To filter chunks `ChunkFilter`s are used.

`ChunkFilters`s are user-definable classes that have a `__call__` function which accepts a `Chunks` as an input and returns a `Chunks`. Generally, the input and output `Chunks` are identical except for a reduced number of chunks defined in the internal `chunks` table.

If a `ChunkFilter` acts on a specific attribute, this needs to be part of its `__init__` function, since `__call__` does not allow any extra information to be passed except for the input `Chunks` object.

In [None]:
from retrievall.core import ChunkFilter, Chunks


class MyFilter(ChunkFilter):
    """
    Filters out all but the first `n` chunks that happen to be
    in the input.
    """

    def __init__(self, n: int):
        self.n = n

    def __call__(self, chunks: Chunks) -> Chunks:
        return Chunks(
            corpus=chunks.corpus,
            # Just grab whatever's at the top of the table
            chunks=chunks.chunks[: self.n],
            chunk_atoms=chunks.chunk_atoms,
        )

Like chunk and attribute expressions, `ChunkFilter`s can theoretically be used a few different ways. The idiomatic use is inside the `Chunks.filter` method:

In [None]:
len(corpus.chunk("line").filter(MyFilter(3)))

3

It can also be used standalone if you want:

In [None]:
# Separate instantation and calling:
filt = MyFilter(3)

print(len(filt(corpus.chunk("line"))))

# # One-liner
print(len(MyFilter(4)(corpus.chunk("line"))))

3
4


## Existing filters
While custom `ChunkFilters` can be defined, there are 3 built-in filters that likely cover the vast majority of retrieval use cases.
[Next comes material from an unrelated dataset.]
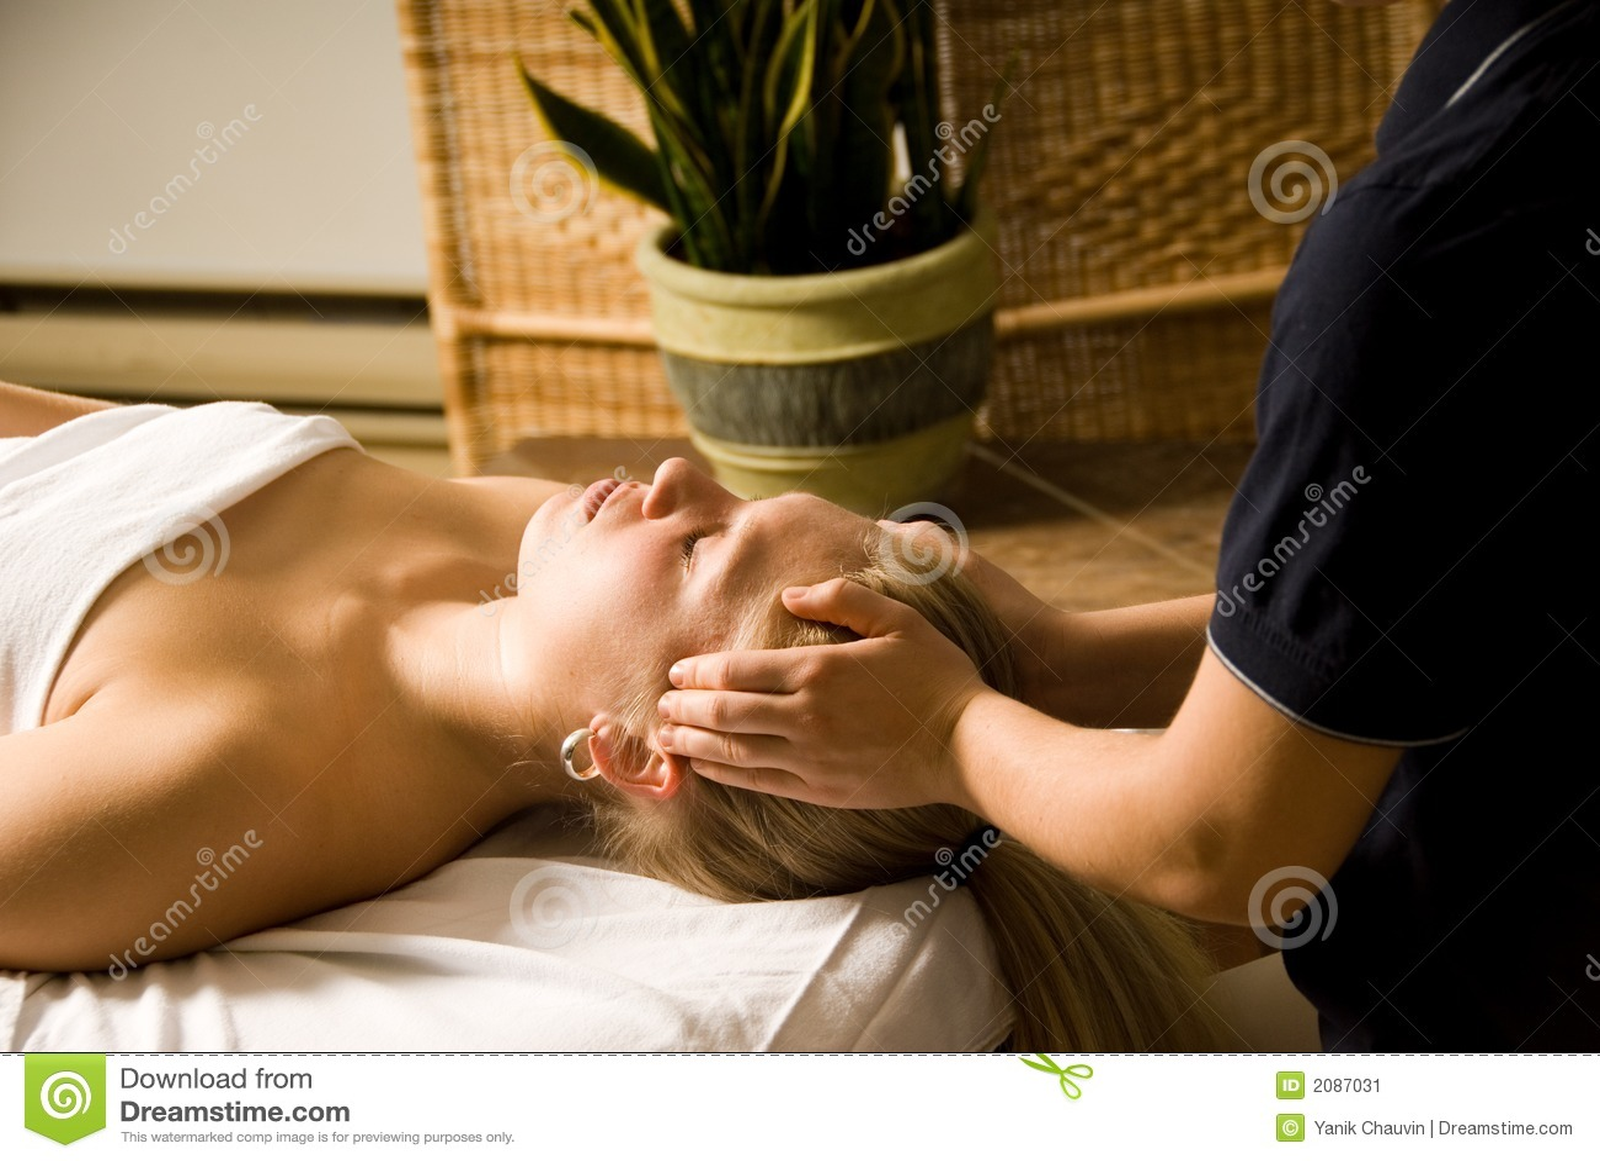 Hauptmassage
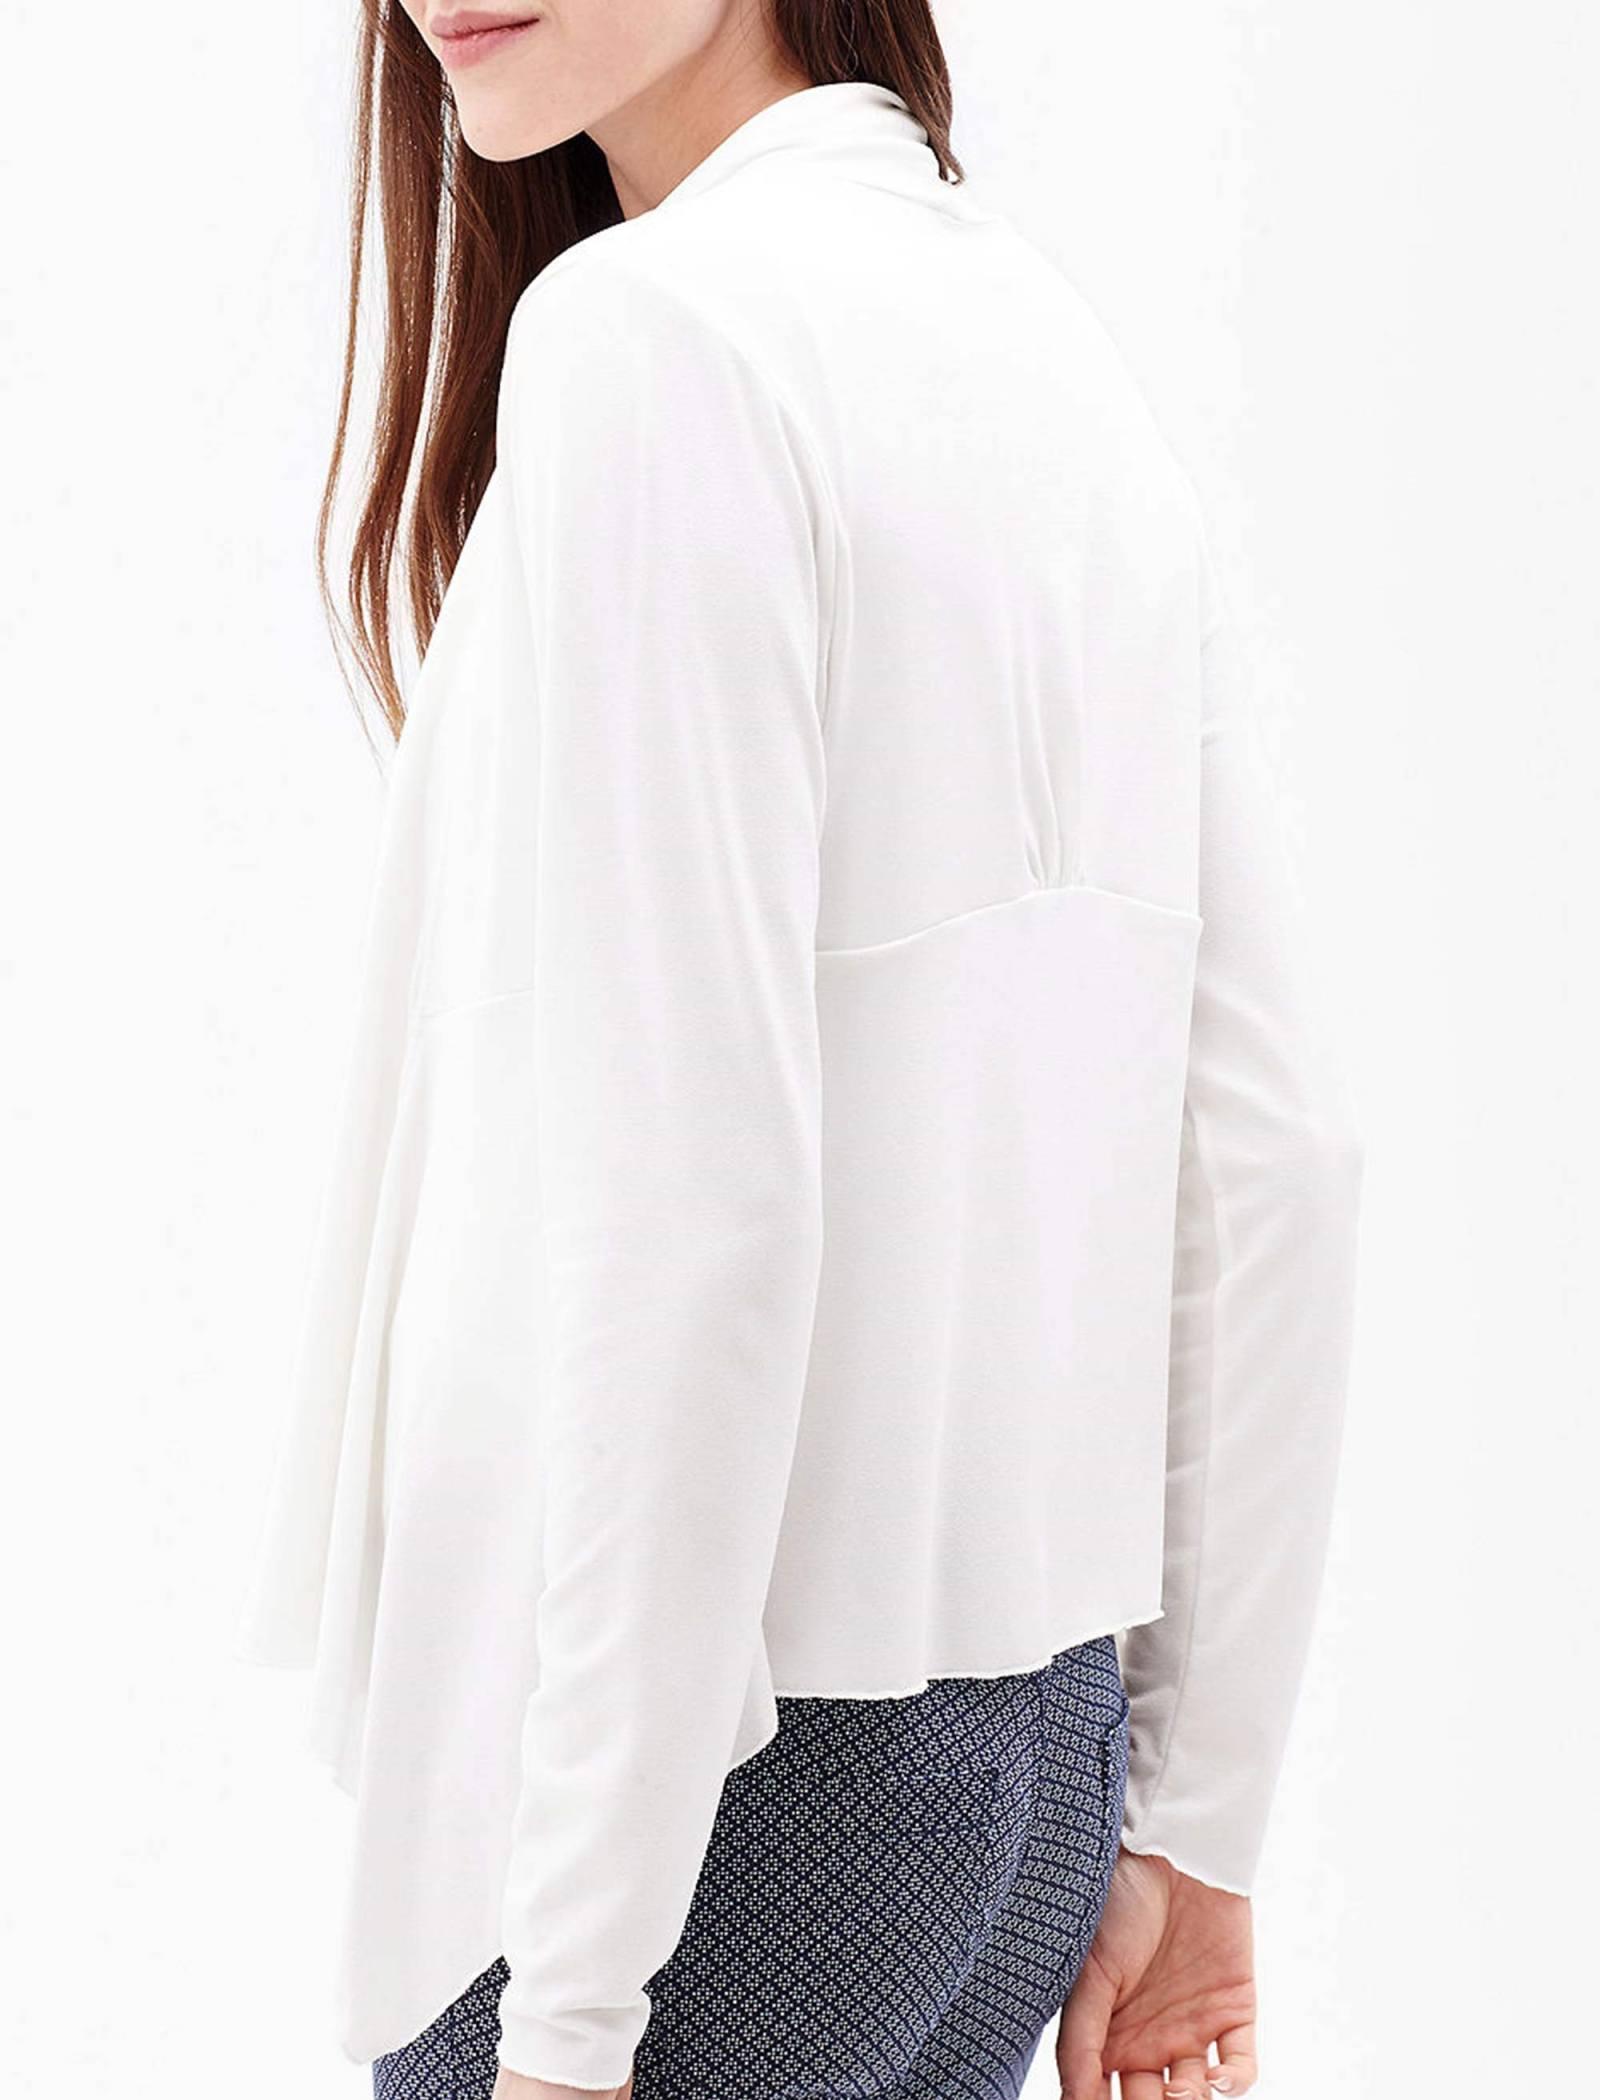 رویه لباس ساده زنانه - اس.اولیور - سفيد - 2

These filters are:
* `TopK`: Select the `k` chunks that have the highest value for a given `attr`. An optional keyword argument also allows you to flip this around and get the *lowest*-valued chunks.
* `Threshold`: Select all chunks that are greater than or less than a given threshold. (Optionally inclusive or exclusive.)
* `EqualTo`: Select all chunks that are equal to any value in a collection of input values. (The collecection can be one item long, to use this as a more traditional "is equal" kind of filter rather than an "is in" kind of filter.)

These are sufficient to cover many use cases, but more may be added in the future.